Logo, os discursos que exaltam a língua inglesa, presentes em vários veículos, como a
mídia por exemplo, têm o poder de incitar, sucitar e produzir significados que constituem
representações sobre a língua inglesa. A partir desses significados sobre a língua inglesa, as
pessoas se posicionam sobre ela e a enunciam.
Além disso, segundo Faria (2005), quem representa tem o poder, ou seja, as
representações sobre a língua inglesa também são o reflexo de grupos de poder hegemônico,
que nesse caso são os países anglófonos, dentre outros. Isso explica porque há tantos
discursos que resultam em representações sobre o inglês, o mesmo não ocorrendo, com
outras línguas. Nesse sentido, o grupo hegemônico que possui o poder de afetar outros grupos
exerce aí o seu poder. As representações produzem significados e conforme Woodward
(2000), a partir daí, damos sentido à nossa experiência e àquilo que somos. Quem representa
exerce o poder no sentido de afetar, incitar, produzir significados que vão se instaurar no
imaginário social e modelizar os sujeitos.
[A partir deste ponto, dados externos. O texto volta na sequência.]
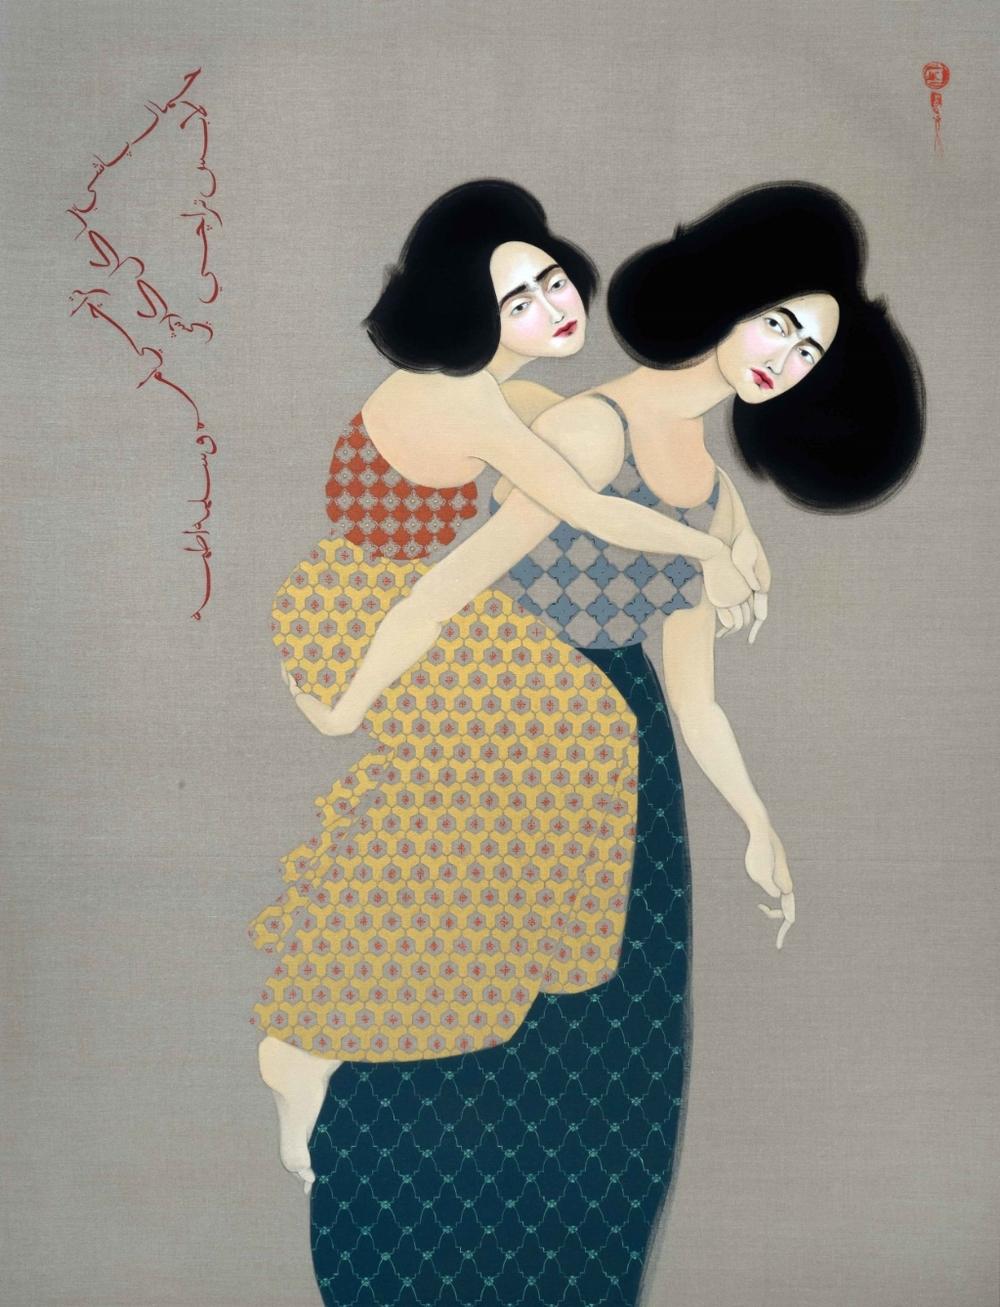 Hayv Kahraman, Hammal Bashi, 2015, Oil on linen, 177.8 x 137 cm

As representações que exaltam a língua inglesa assentam-se pelo fato de que o inglês,
ao expandir para além dos domínios de seu território de origem, imprimiu traços de sua
civilização e essa expansão reflete as relações de política e de poder de sua nação de origem,
do posicionamento político de dominação dessa nação em relação ao mundo.
No entanto, é preciso lembrar que:
quando definimos o exercício do poder como um modo de ação sobre as ações dos outros, quando as caracterizamos pelo “governo” dos homens, uns pelos outros – no sentido mais extenso da palavra, incluímos um elemento importante: a liberdade. O poder só se exerce sobre “sujeitos livres”, enquanto “livres” – entendendo-se por isso sujeitos individuais ou coletivos que têm diante de si um campo de possibilidade onde diversas condutas, diversas reações e diversos modos de comportamento podem acontecer (FOUCAULT, 1995, p. 244).